**Dataset content**
┌──

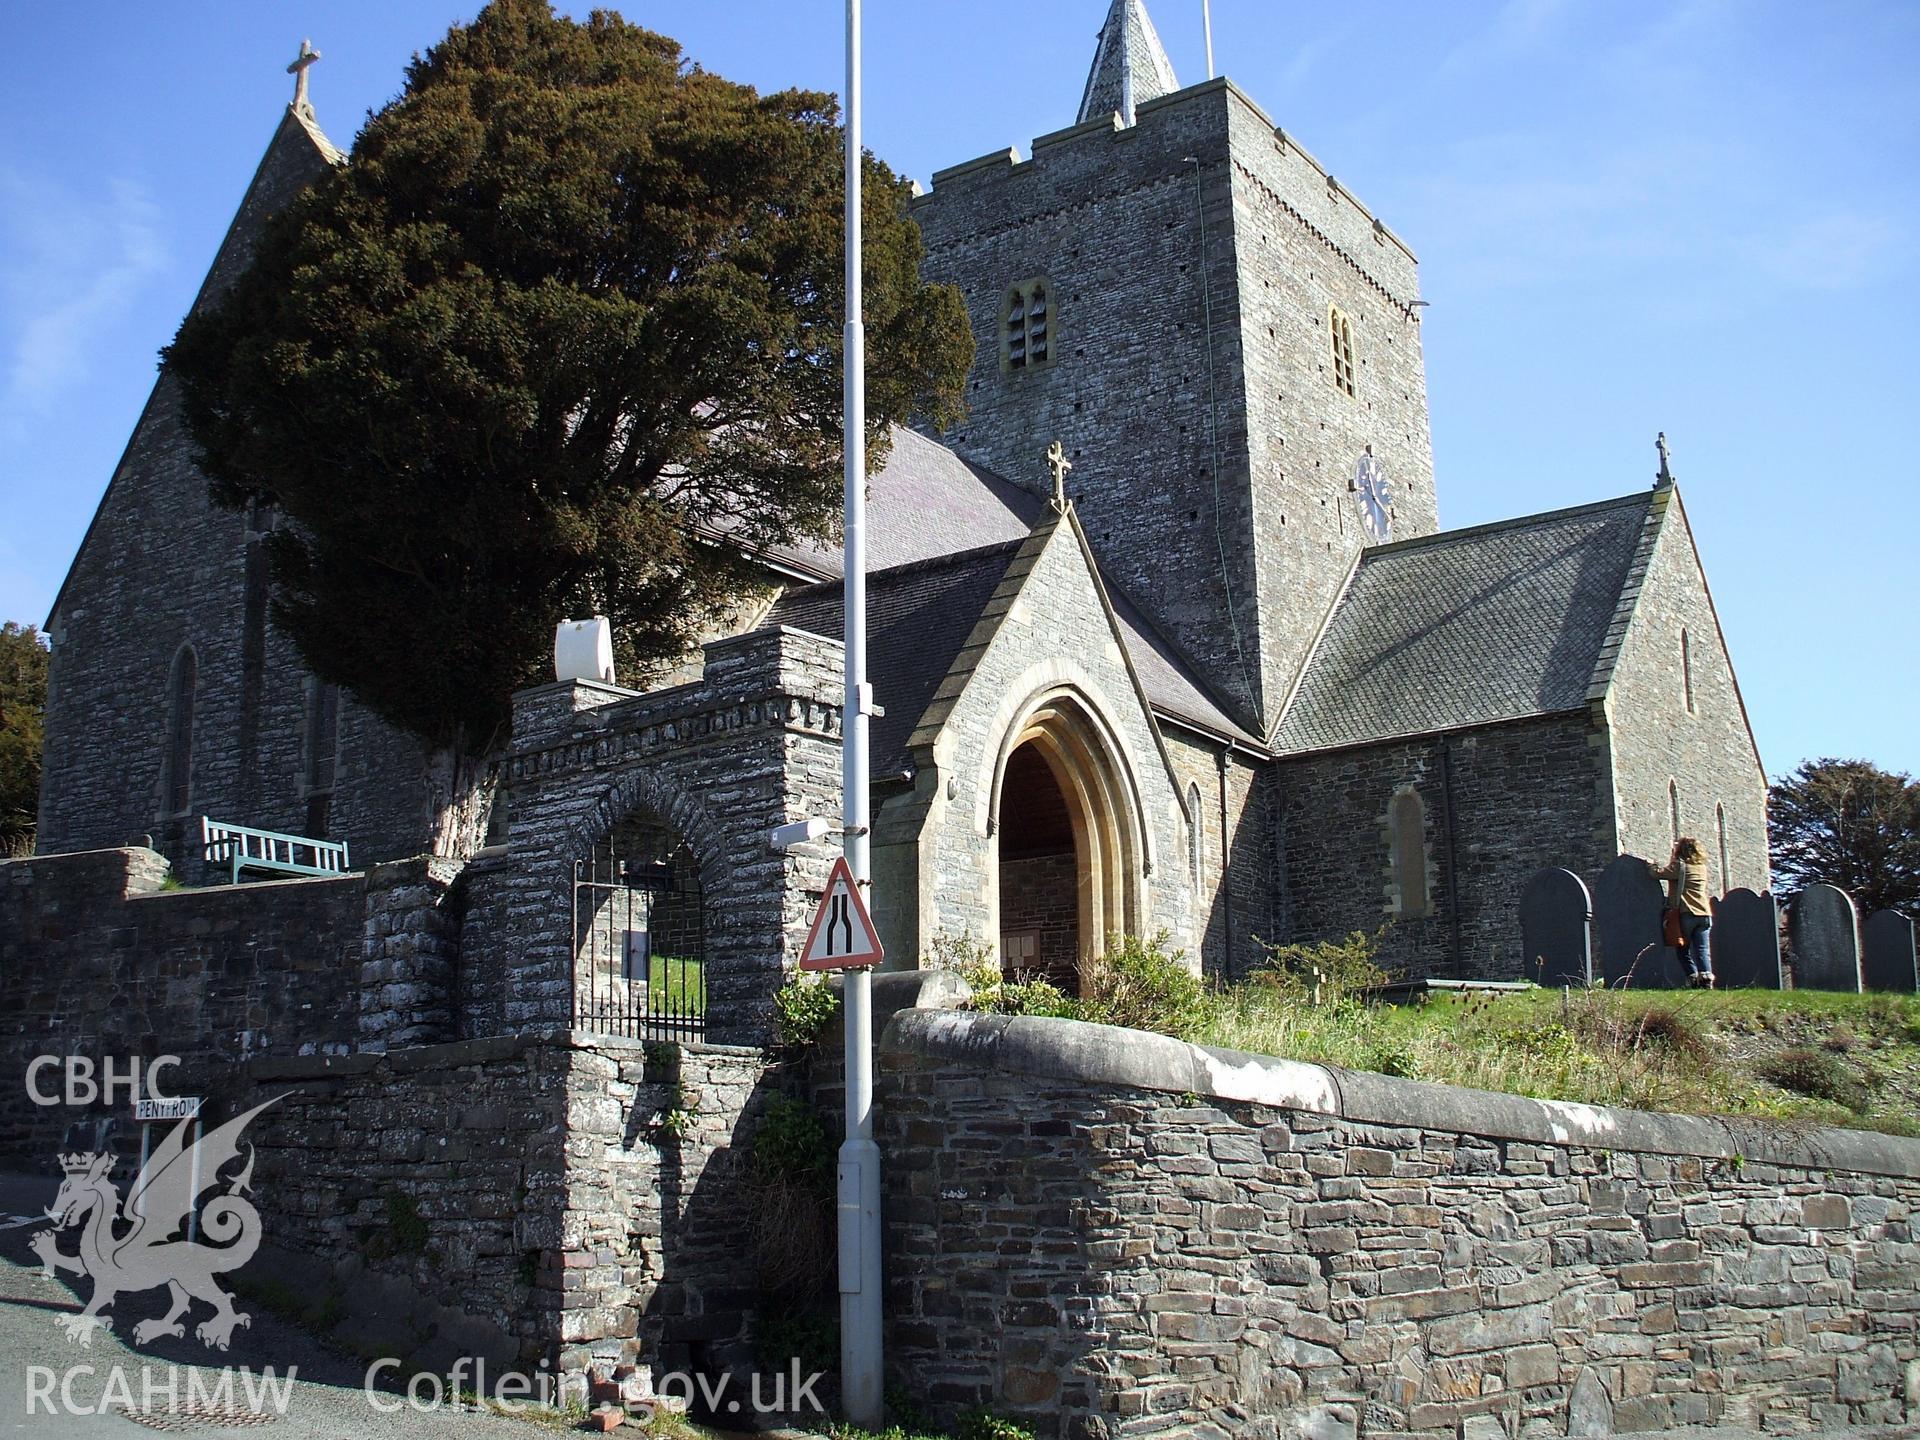 Colour digital photograph showing the exterior of St. Padarn's Church, Llanbadarn Fawr.
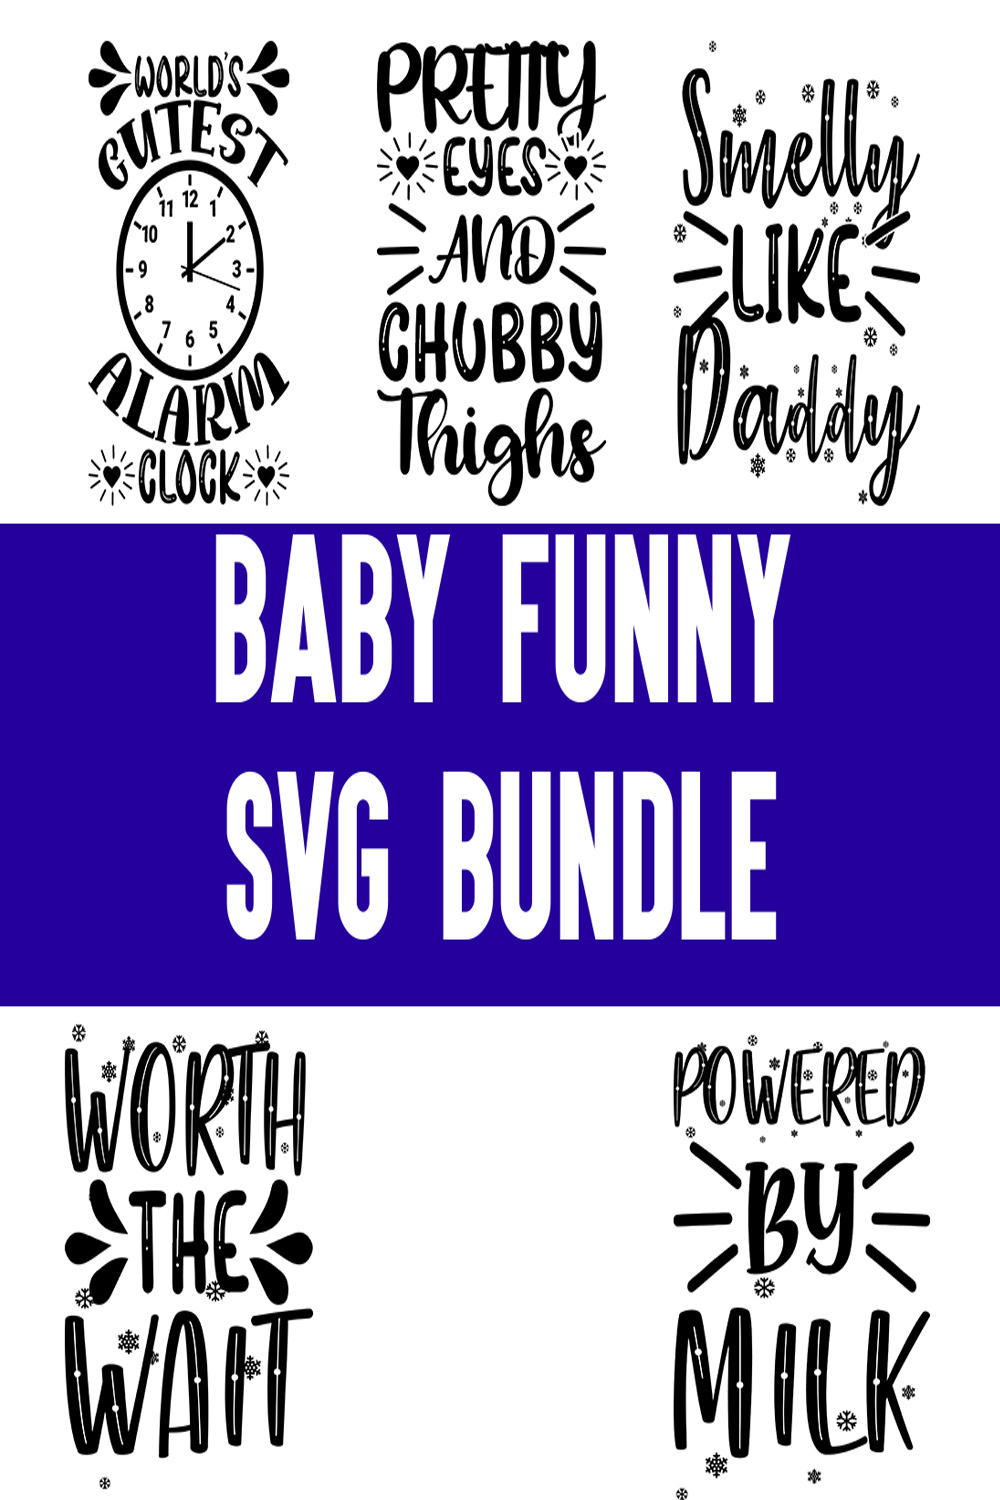 Baby Funny svg Bundle pinterest preview image.
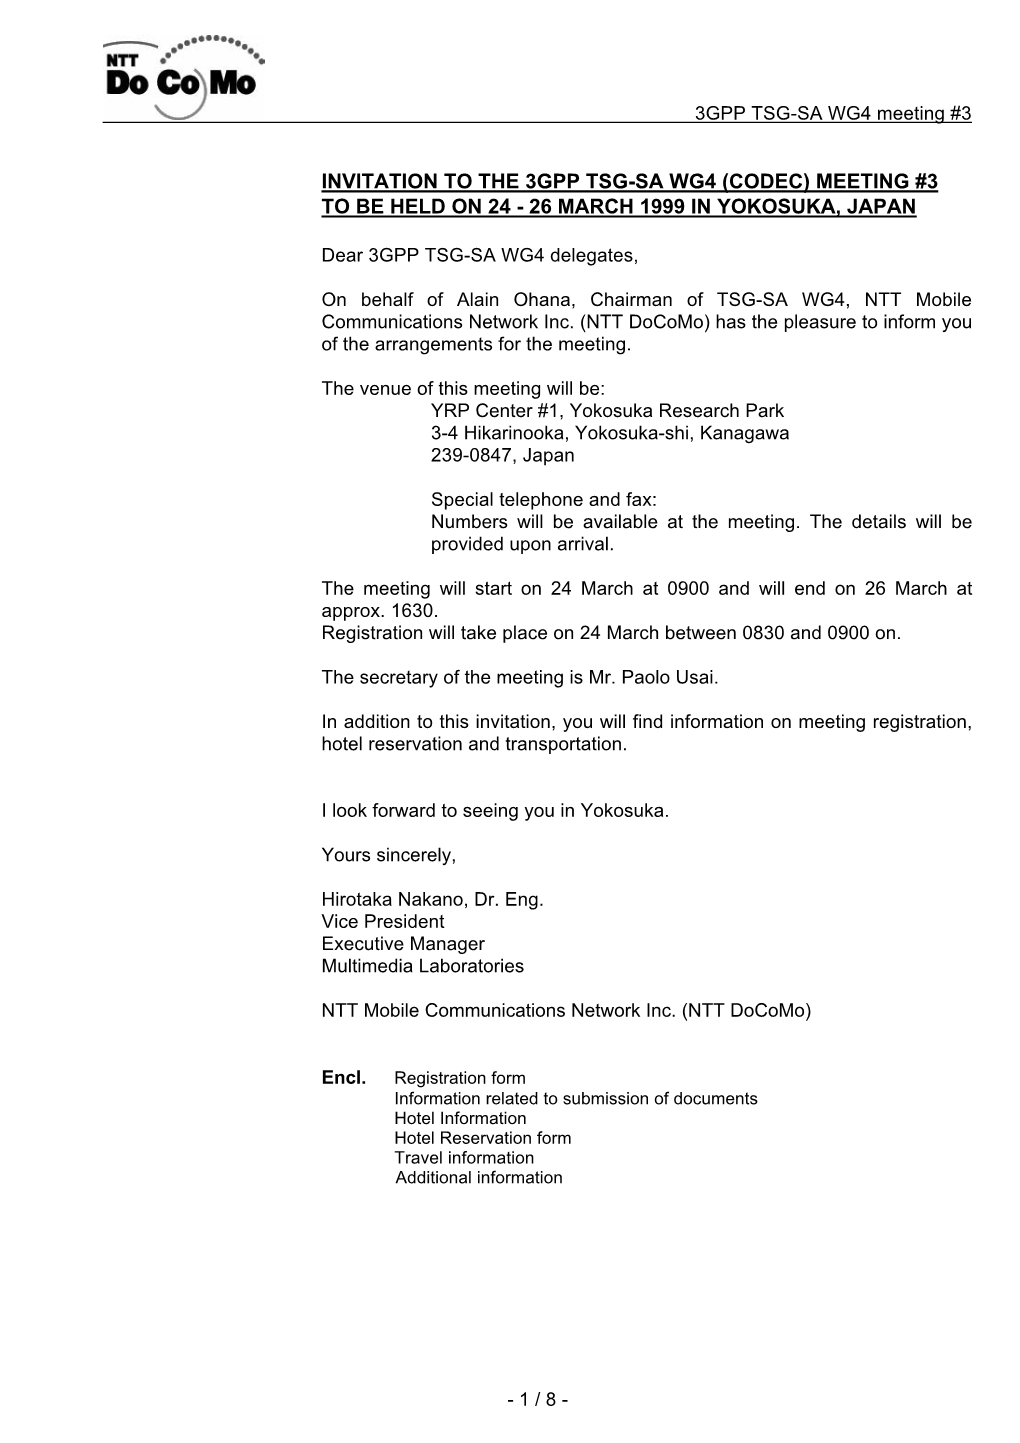 Invitation to the 3Gpp Tsg-Sa Wg4 (Codec) Meeting #3 to Be Held on 24 - 26 March 1999 in Yokosuka, Japan
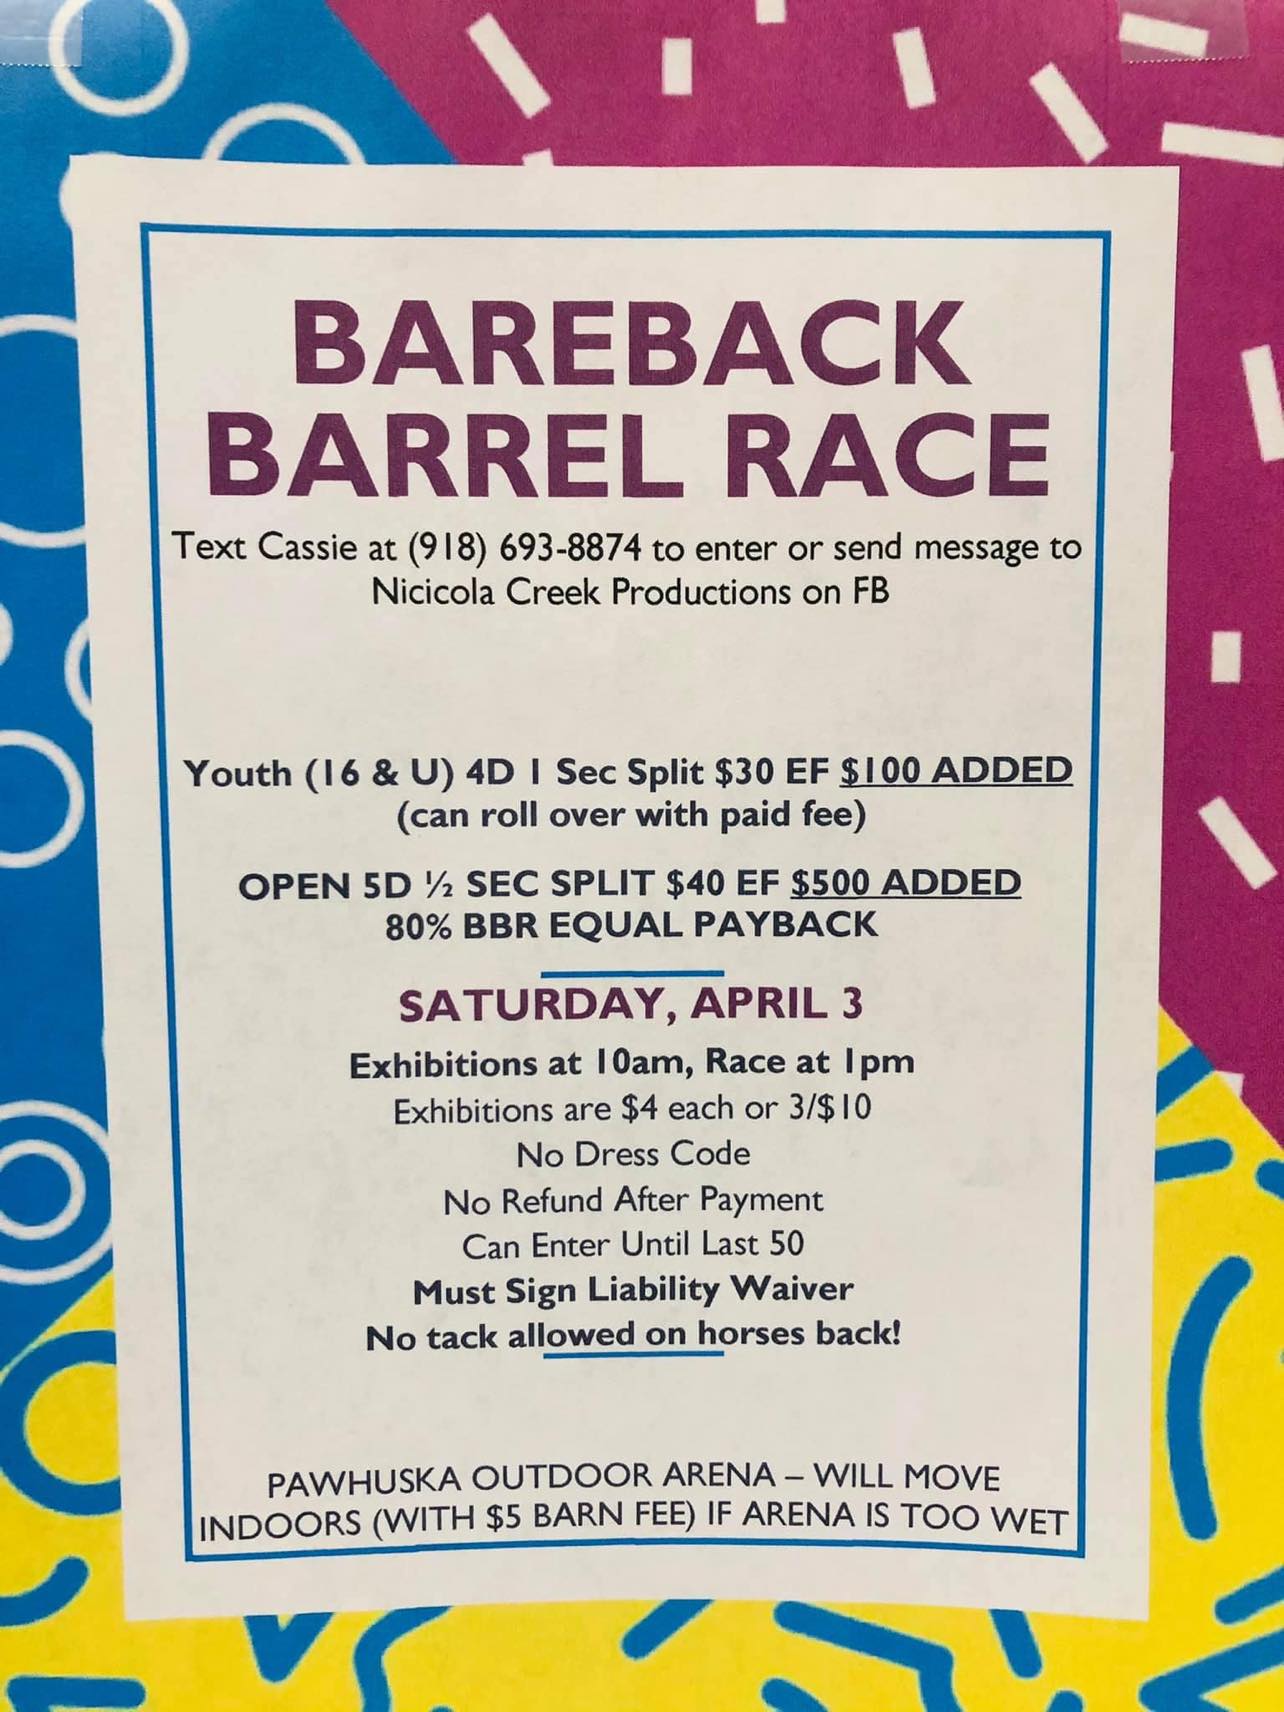 Open 5D & Bareback Barrel Race

└──

**Work item**
Output the material word for word, omitting its pictures.

**Answer to this task**
 Colour digital photograph showing the exterior of St. Padarn's Church, Llanbadarn Fawr.
 Baby Funny svg Bundle pinterest preview image.
 Invitation to the 3Gpp Tsg-Sa Wg4 (Codec) Meeting #3 to Be Held on 24 - 26 March 1999 in Yokosuka, Japan
 Open 5D & Bareback Barrel Race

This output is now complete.